* _Your instructions_
Retype the following data exactly, but leave its pictures out.

* _Records_
—————
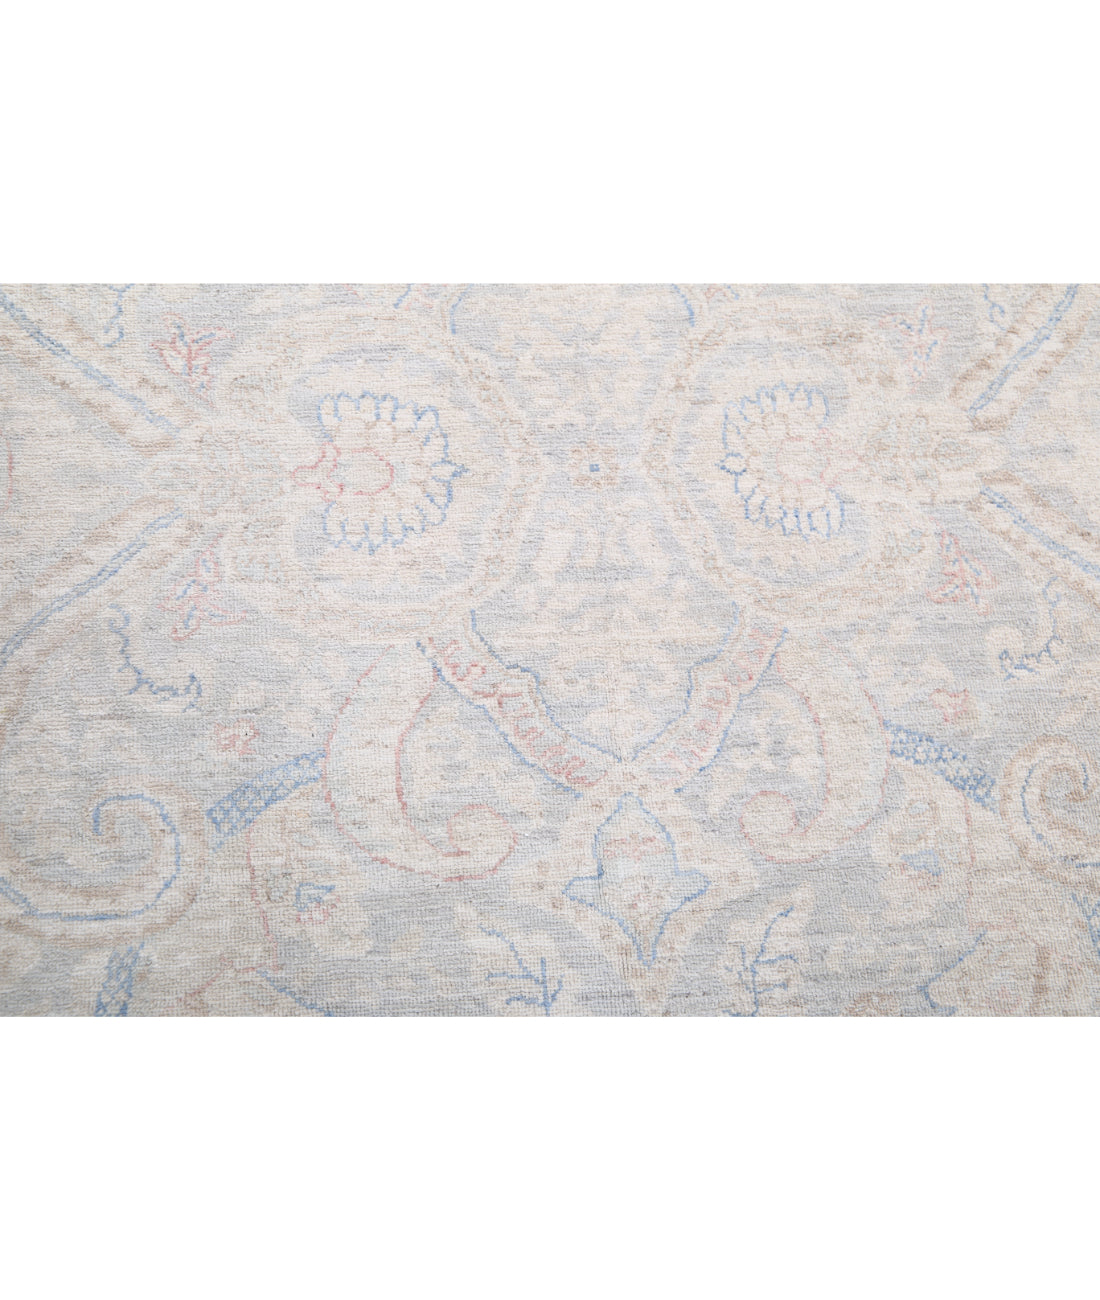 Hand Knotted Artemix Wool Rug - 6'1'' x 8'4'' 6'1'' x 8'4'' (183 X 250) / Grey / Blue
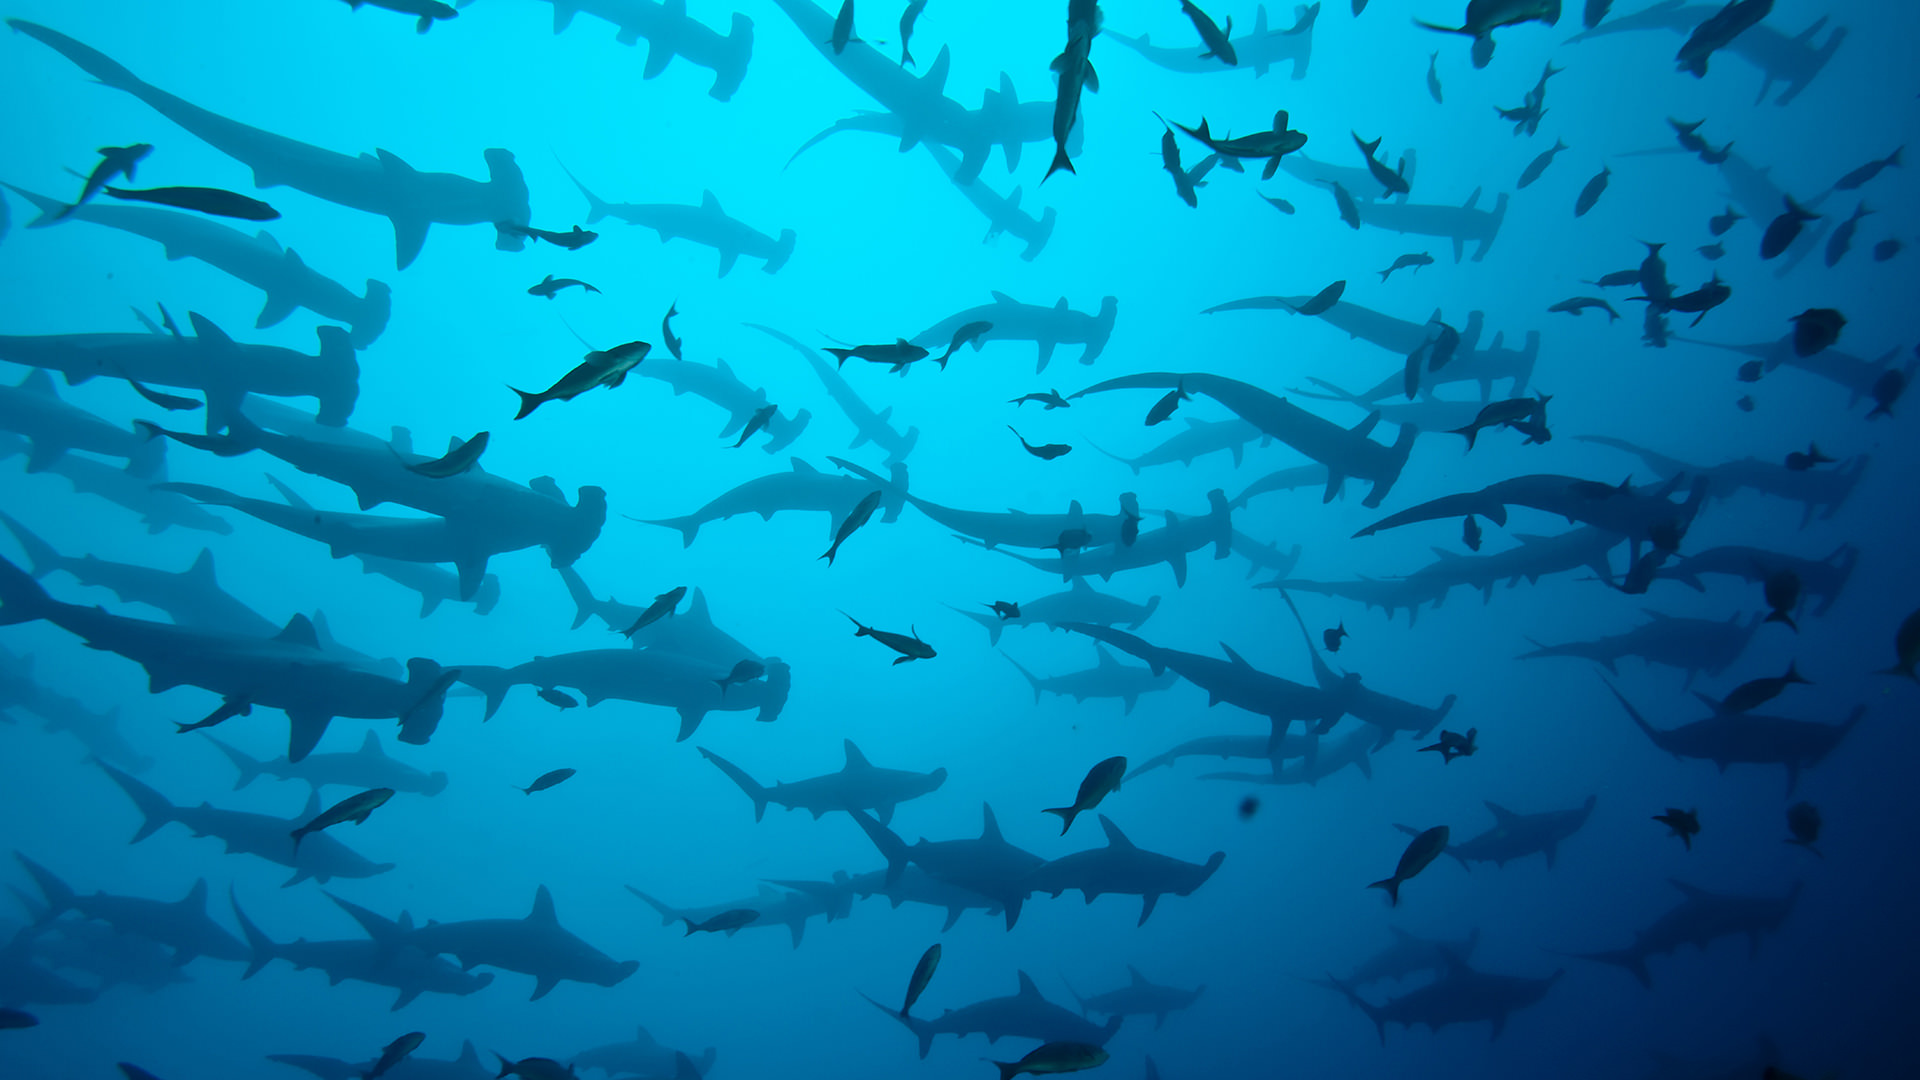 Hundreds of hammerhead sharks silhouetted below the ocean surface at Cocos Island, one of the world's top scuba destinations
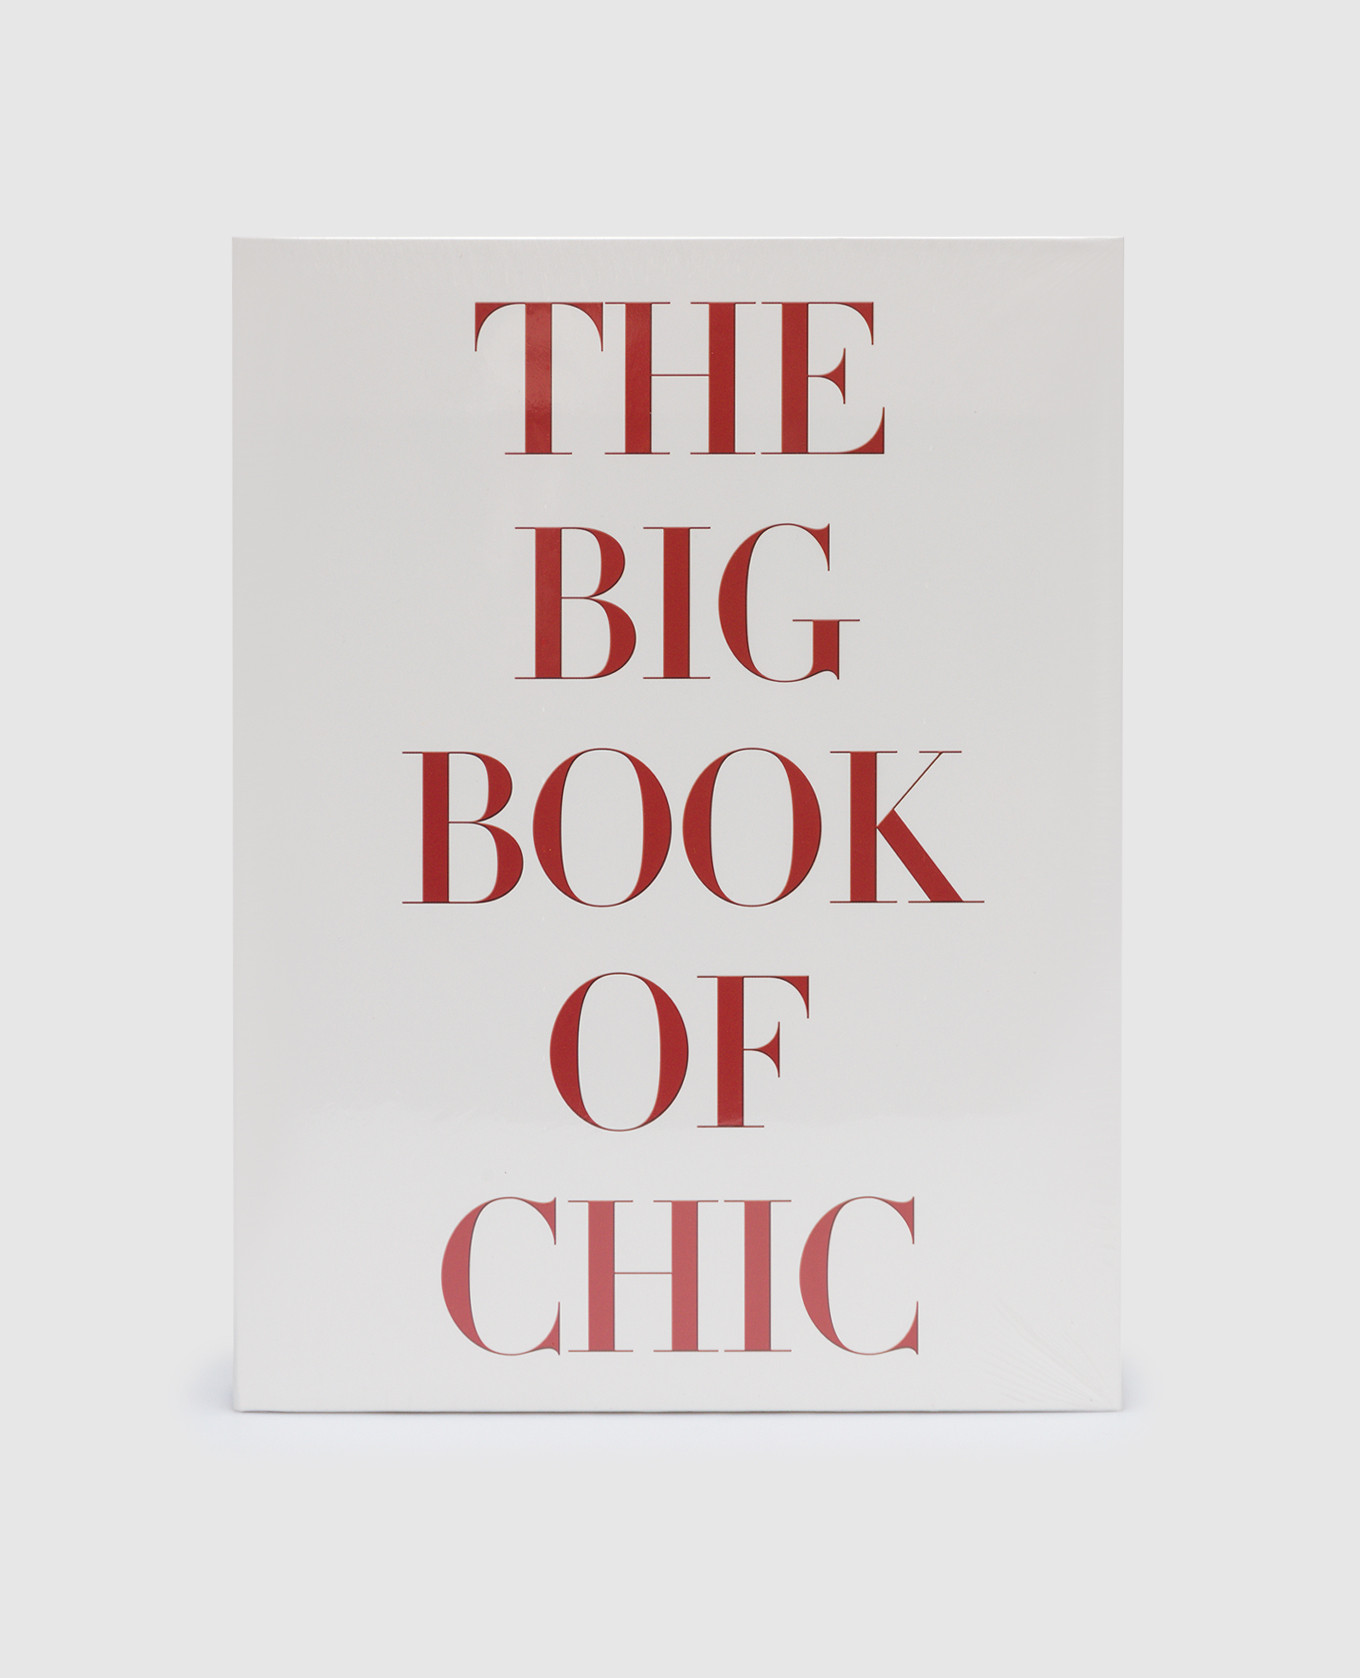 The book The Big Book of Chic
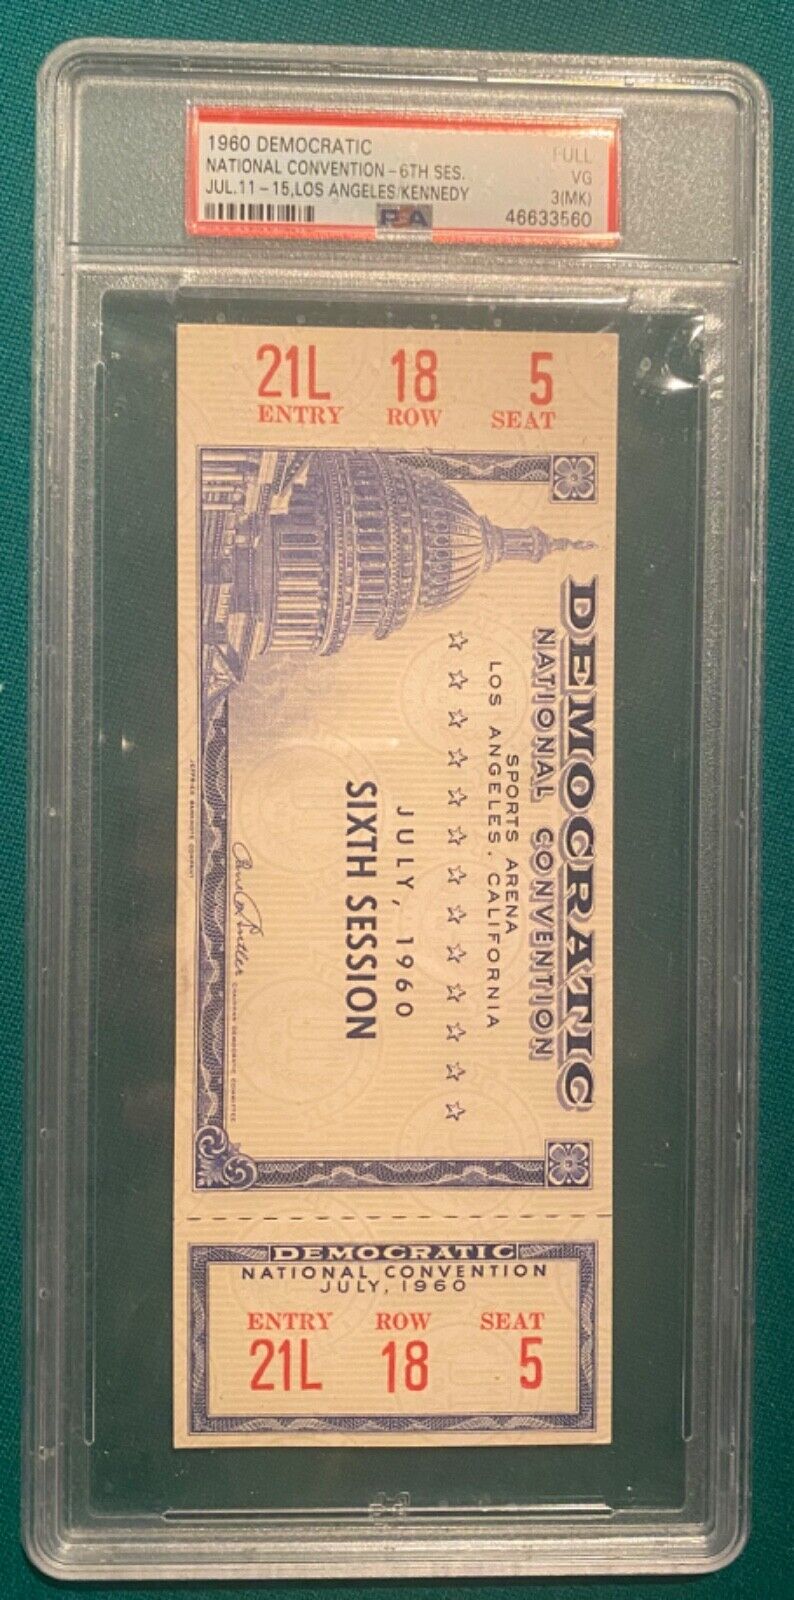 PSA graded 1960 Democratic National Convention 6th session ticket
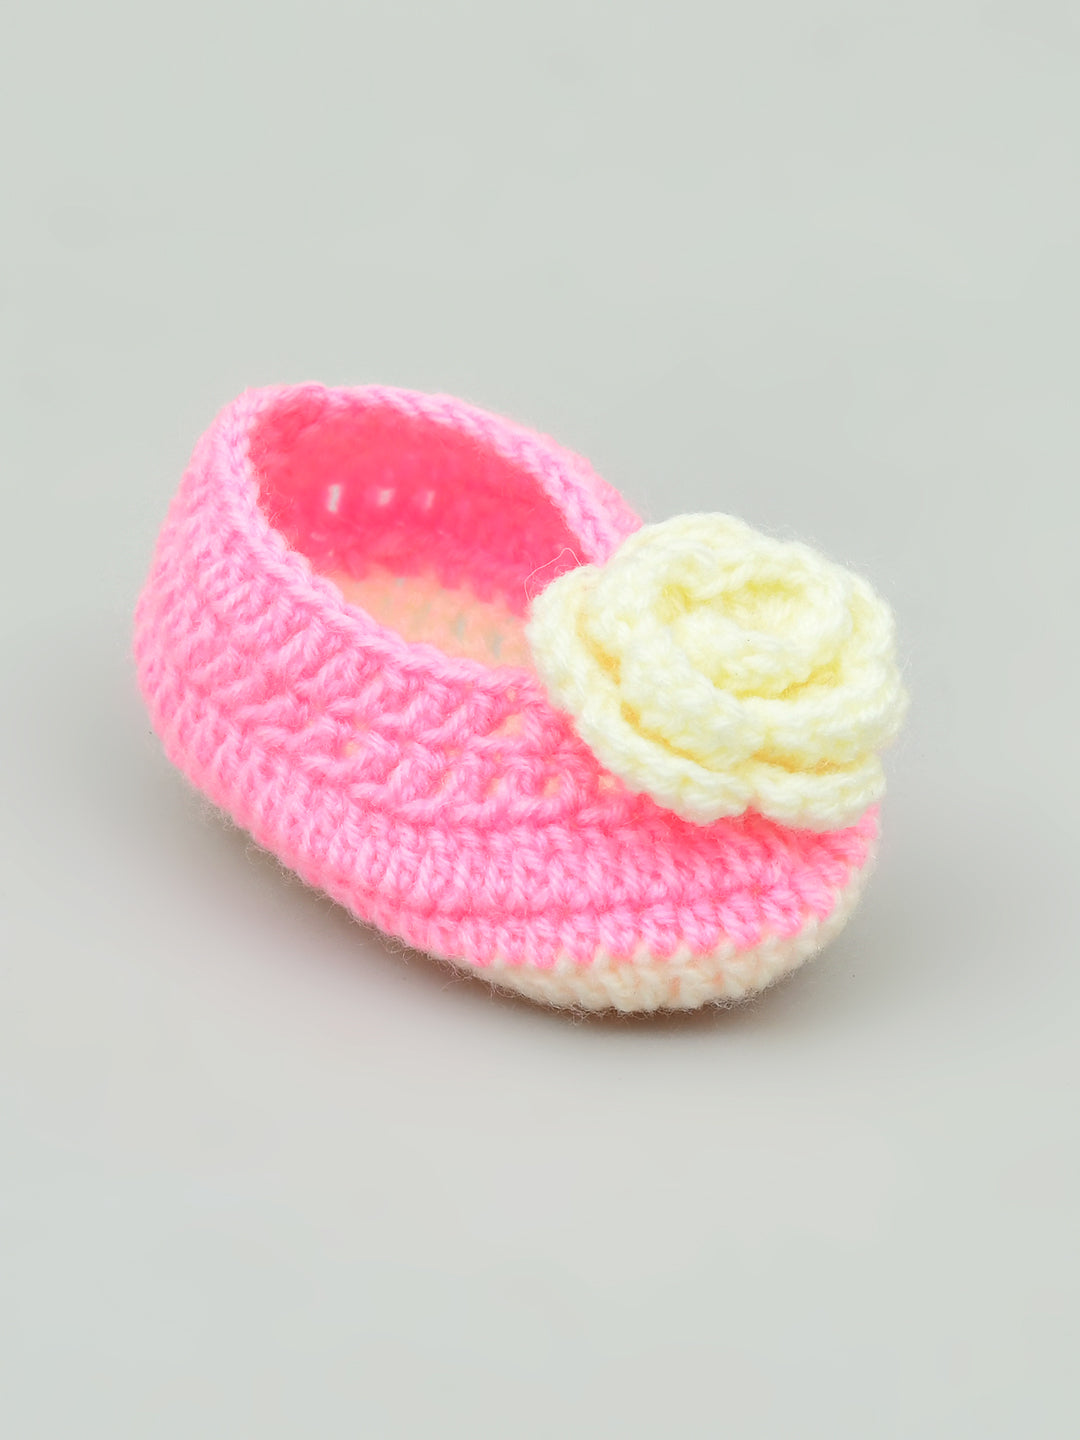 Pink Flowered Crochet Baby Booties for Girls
—————
* _Response_
 Hand Knotted Artemix Wool Rug - 6'1'' x 8'4'' 6'1'' x 8'4'' (183 X 250) / Grey / Blue
 Hundreds of hammerhead sharks silhouetted below the ocean surface at Cocos Island, one of the world's top scuba destinations
 The book The Big Book of Chic
 PSA graded 1960 Democratic National Convention 6th session ticket
 Pink Flowered Crochet Baby Booties for Girls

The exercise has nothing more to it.